Coordinator, Process PO5-BPO-PT B

The Coordinator, Process PO5 provides technical support and services to the process operations group with respect to the active pharmaceutical ingredient (API) plant equipment cleaning program. The coordinator is responsible for monitoring production equipment cleaning requirements, coordinating the timely issuance of equipment cleaning documentation and is a cleaning deviation lead investigator/Assignee.

• Responsible for the timely preparation of GMP documentation as required.
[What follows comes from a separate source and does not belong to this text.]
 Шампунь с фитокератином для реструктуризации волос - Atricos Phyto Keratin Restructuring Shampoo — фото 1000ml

This includes (but is not limited to) Change Control Requests, Cleaning Record update / preparations, supplemental instructions, validation cleaning documentation and standard operating procedures for cleaning of new equipment
• Coordination of production equipment cleaning documentation requirements; tracking of equipment and facility cleaning/status.
• Coordinates with Operations management, Production staff, Quality Control and Quality Assurance on scheduling priorities to meet production targets
• Accountable for GMP and drug regulatory guideline compliance within the Process Operations Group
• Set up and conduct chemical experiments, and analysis using NMR spectroscopy to determine the content and purity of sample during an equipment cleaning failure investigations.
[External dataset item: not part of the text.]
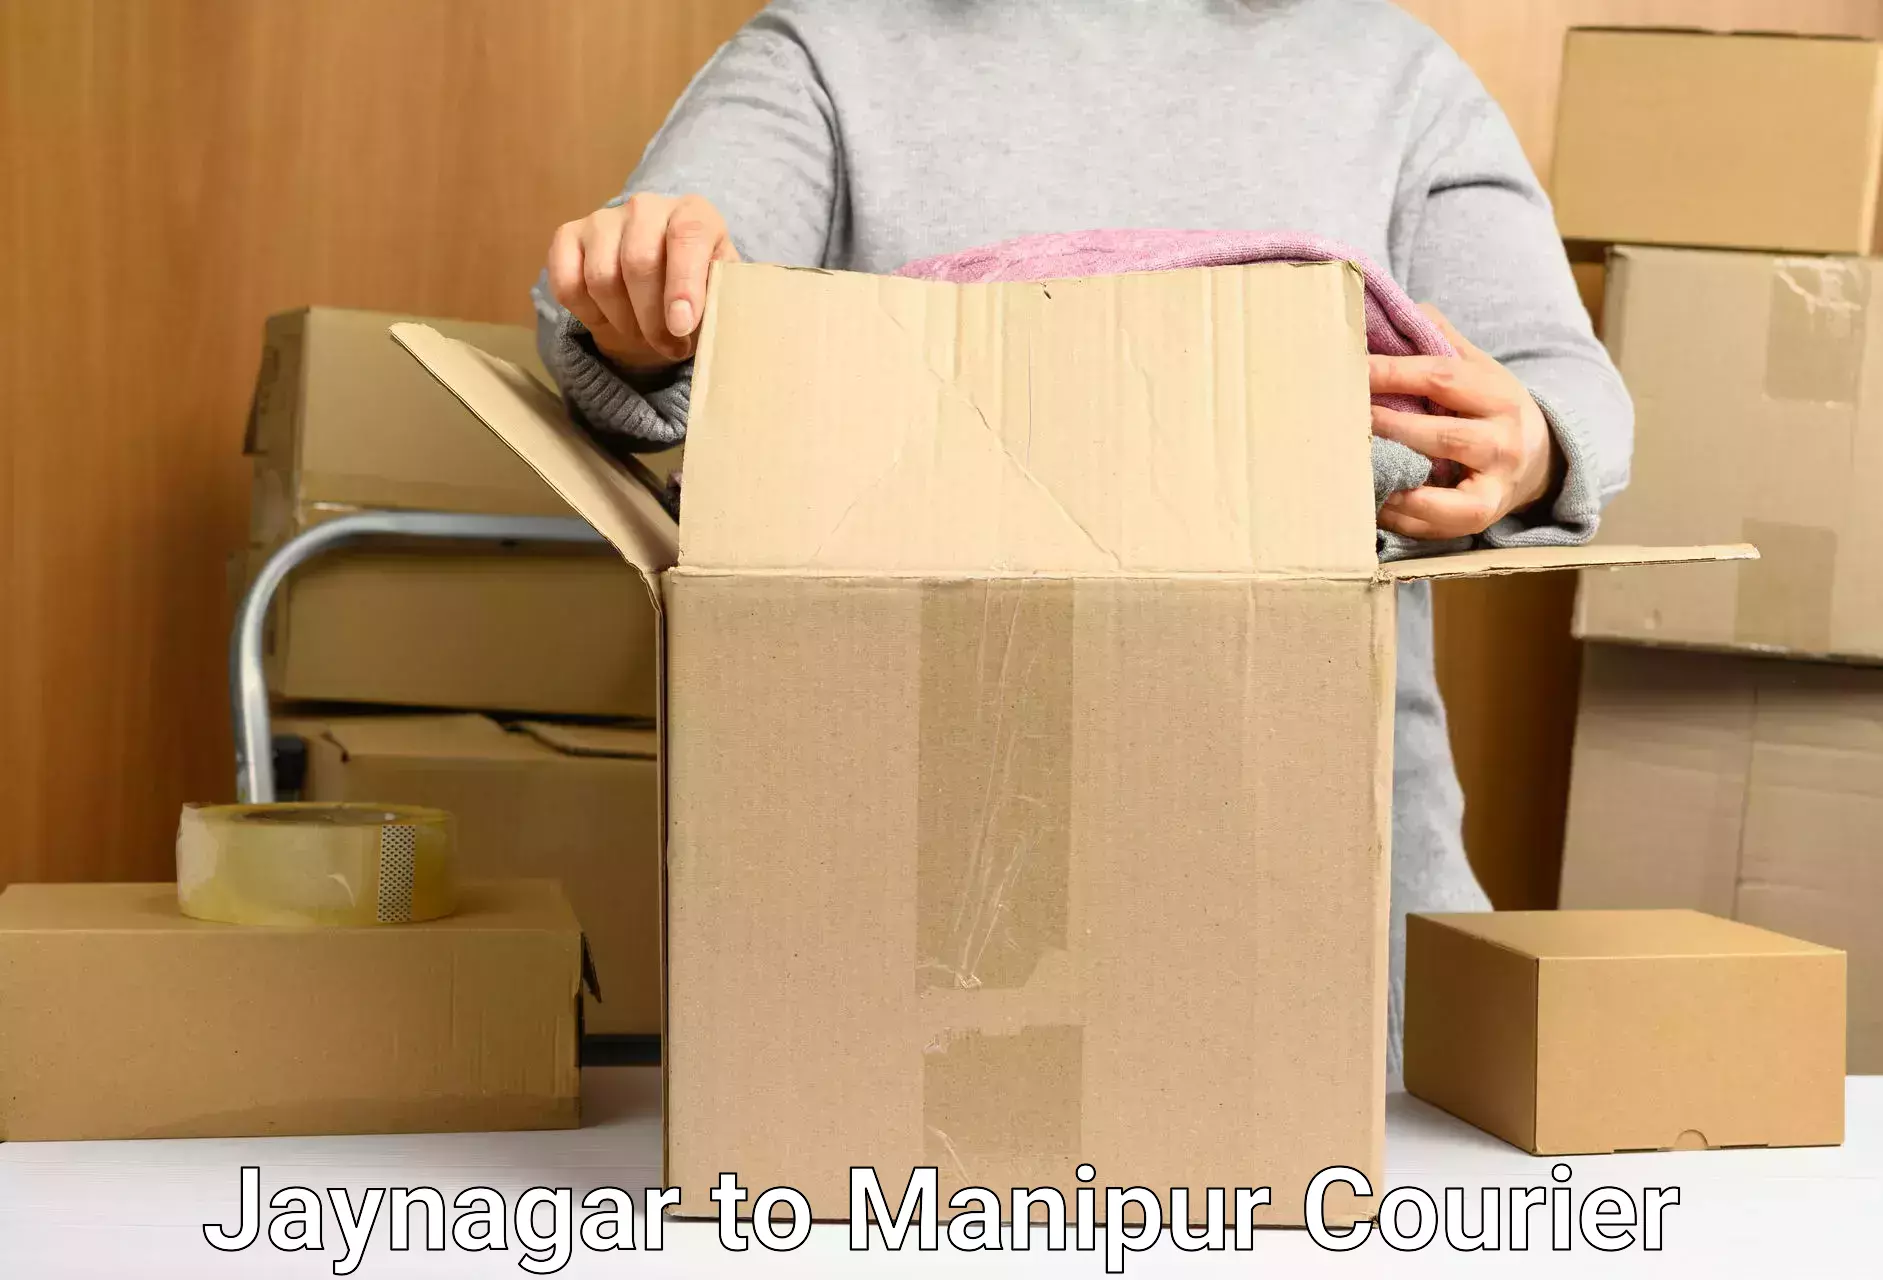 Custom courier packaging Jaynagar to Manipur

• Ensure completion of documentation as required for GMP compliance, in coordination with Quality Assurance.Prepare solution or reagents, and operate laboratory equipment in the Process Operations department during an equipment cleaning failure investigations
• Compile experimental records and analytical results of cleaning failure investigations in a logbook
• Ensure cleaning records are issued to production in advance of their requirement.
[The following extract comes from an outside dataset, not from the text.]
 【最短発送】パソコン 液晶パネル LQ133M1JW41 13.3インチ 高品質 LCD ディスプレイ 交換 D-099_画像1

• Monitors validation cleaning requirements; coordinates the communication of swabbing requirements; provides support toward cleaning validation activities as necessary.
• Cleaning deviation lead investigator/assignee; directs the improvement of cleaning procedures resulting from compiling and interpreting records of analytical studies.
• Maintenance & non-product residue cleaning failure deviation PR Assignee/lead investigator; coordinates the required child investigations, determines root cause and recommends meaningful CAPAs.
• Ensures suitable investigations have been completed before records for re-cleaning/verification /rinsing are issued.
• Designated trainer and subject matter expert for cleaning record issuance procedure and controls.
• Monitor cleaning documentation for improvements and coordinate change control efforts in collaboration with the Cleaning Validation Leader.
• Conducts on-the-floor monitoring of equipment cleaning in progress and provides guidance to production staff for safe execution cleaning records .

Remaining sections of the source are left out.